One of the few ongoing very long series that I read is C.J. Cherryh's Foreigner series. The main character, Bren Cameron, starts as a kind of ambassador whose primary job is to "translate" human culture into the atevi culture of the planet where the humans landed generations earlier. Eventually, Bren becomes the ambassador for the primary atevi leader who maintains a precarious political dominance over most of the other clans. 

It is a fascinating series. The summary above doesn't do it justice.

Bren is a great character. He is tall by human standards though by atevi standards, he is about the height of a young teenage boy. By the beginning of the first book, he has reached the point where he thinks in terms of the atevi language; he is also beginning to think of terms of the culture, to think like an atevi. 

He is well-aware that he is human. The wiring is not the same. Yet he is also aware, to a degree, that he appears almost foreign to many humans. His facial expressions and attitudes and ways of assessing problems take him outside human culture. Because he is brilliant, he is able to constantly evaluate any decision or problem in terms of a dozen different scenarios from an outsider's perspective--to both Atevi and humans. 

And he doesn't realize he is brilliant. Or he does and doesn't think his brilliance is enough. In one book, the human spaceship--whose return in the first book sets Bren's future career in motion--takes Bren and several others to a human space station to unravel the political situation there. In one scene, Bren behaves in a very human way with a human he doesn't trust. The act is a ruse though in the moment Bren is thinking on his feet. He isn't aware of his own genius in handling the situation. 

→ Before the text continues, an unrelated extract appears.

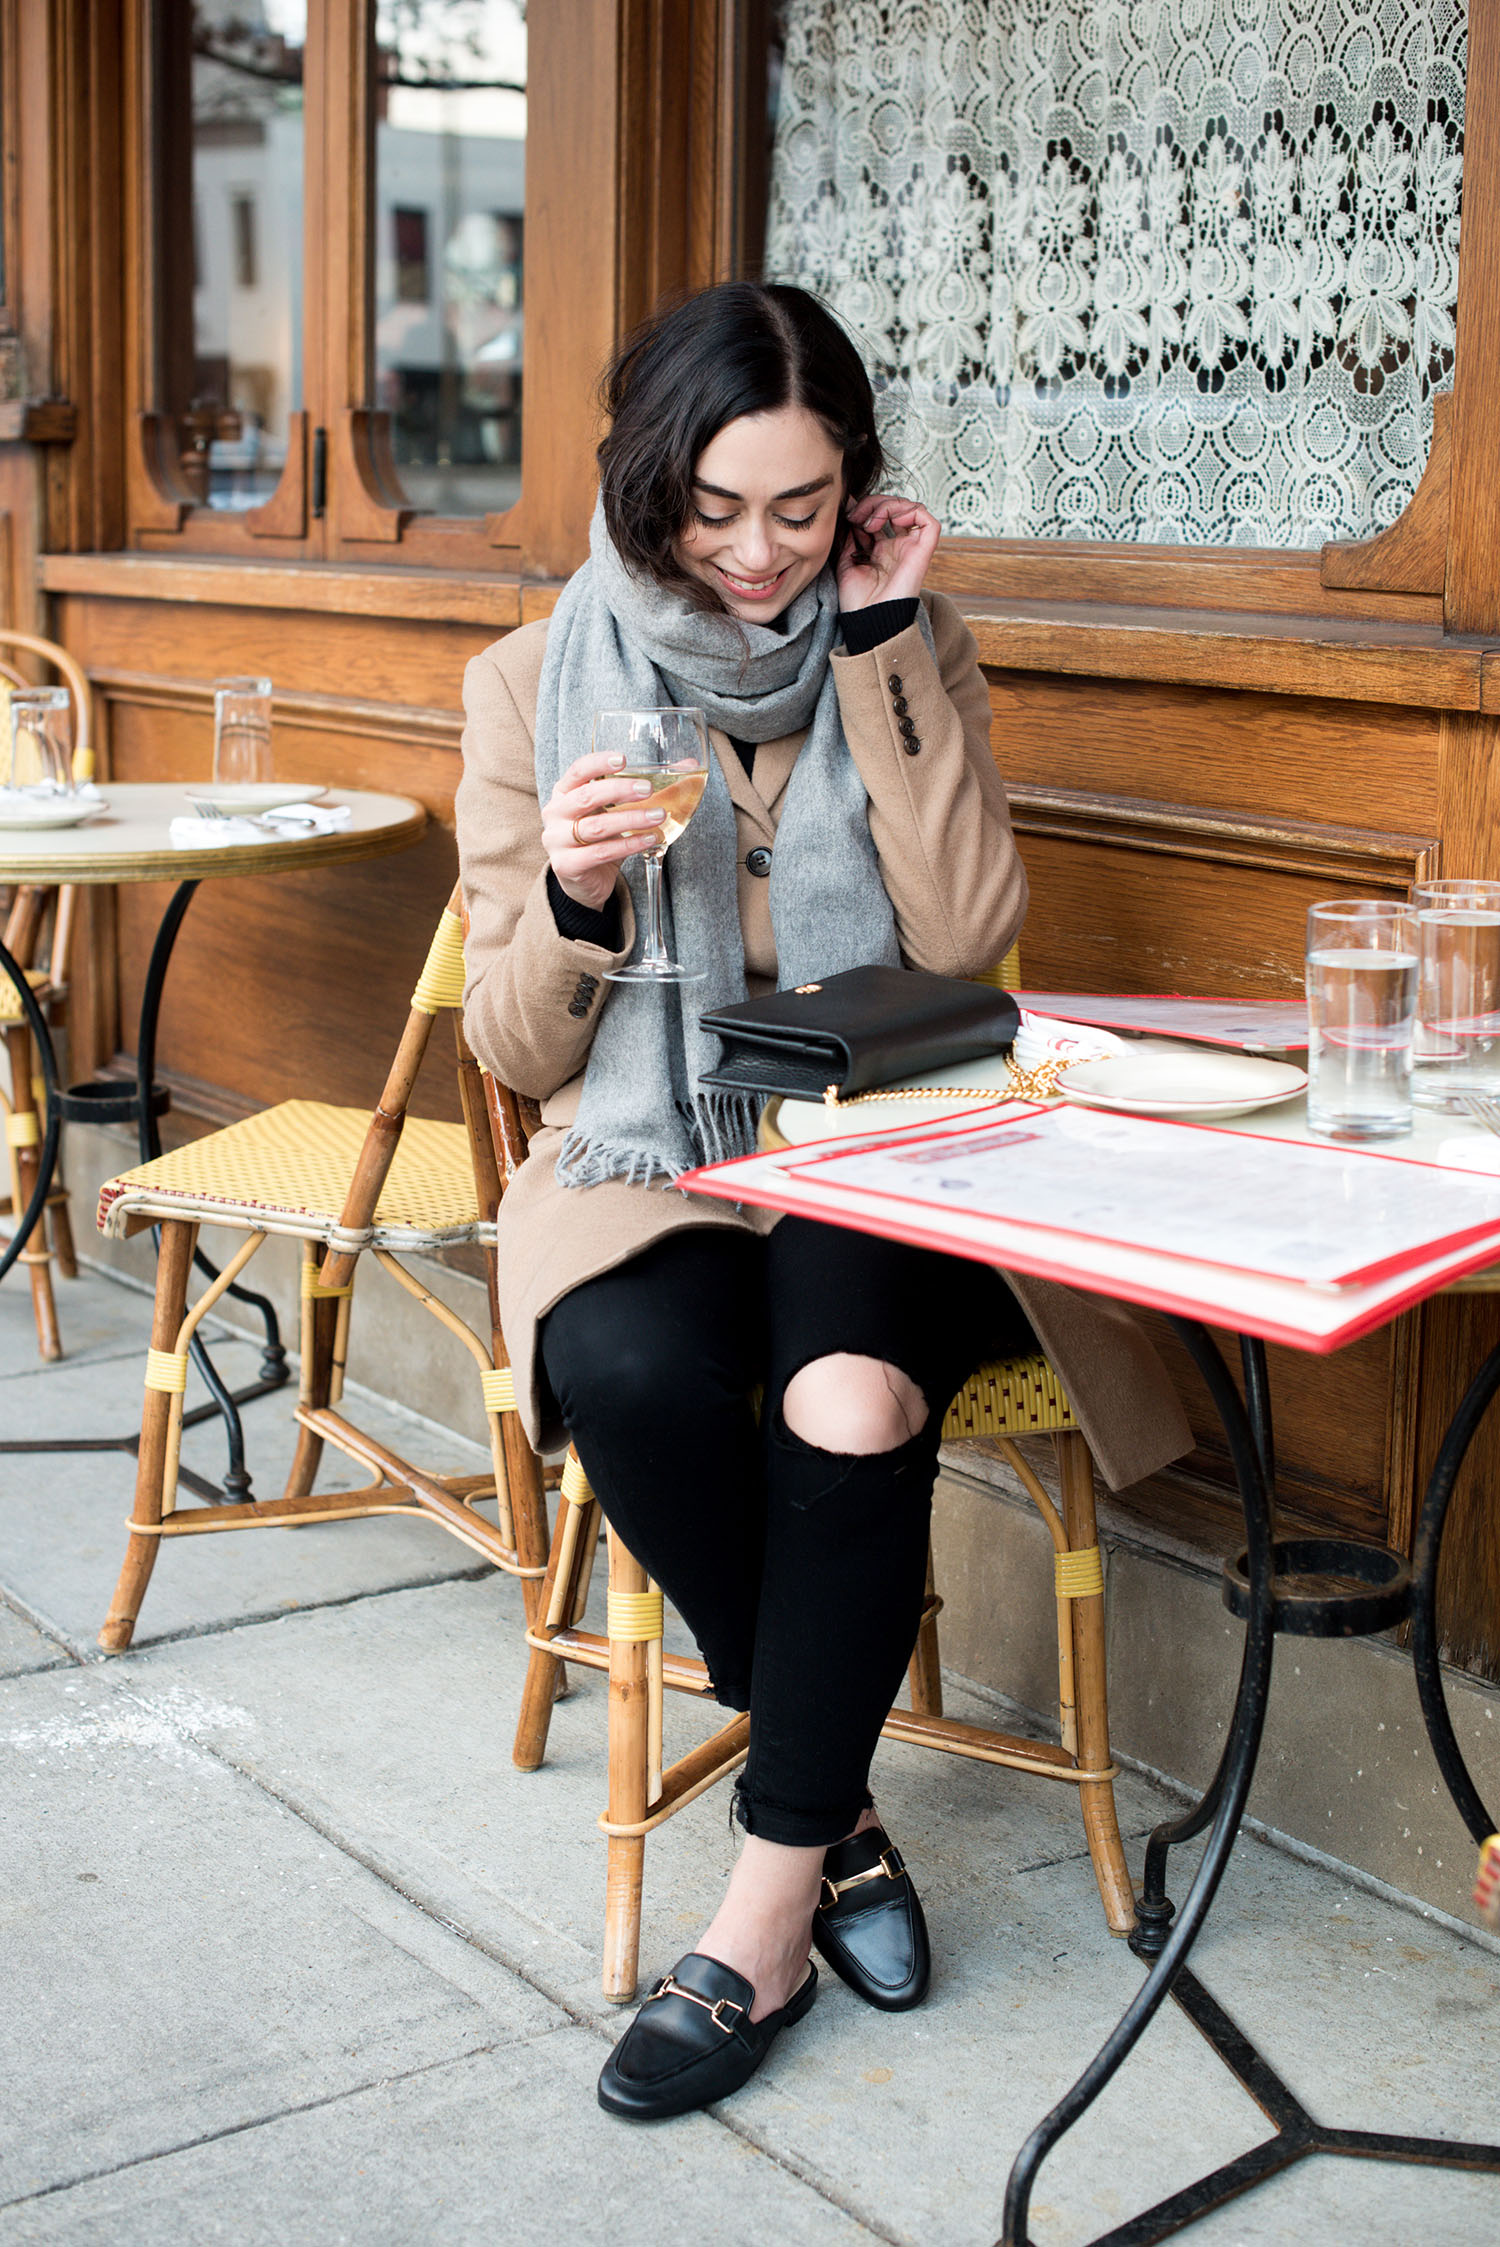 Canadian fashion blogger Cee Fardoe of Coco & Vera drinks wine at Le Diplomate wearing a Uniqlo camel coat and Paige black jeans

And the author doesn't call attention to his genius (unlike Ngaio Marsh, who is always reminding readers how intelligent and unique and socially adept Inspector Alleyn is). In fact, it is entirely possible that the author sees Bren has just one more smart human among many. Since so much of what we see and experience is through Bren's head, it is easy to accept his evaluation of himself, to go along with his self-castigations when he thinks he has made errors in judgment. 

The approach here isn't easy for a writer to maintain--to allow characters to perceive themselves as different from how other characters perceive them. The writing issue isn't the same as the unlikable character who is justified. In that case, the justification is often quite blunt. Justifying the witch or Grendel or Dracula is part of the text.

In this case, action and occasional dialog have to communicate: 

The character thinks, This is who I am, but....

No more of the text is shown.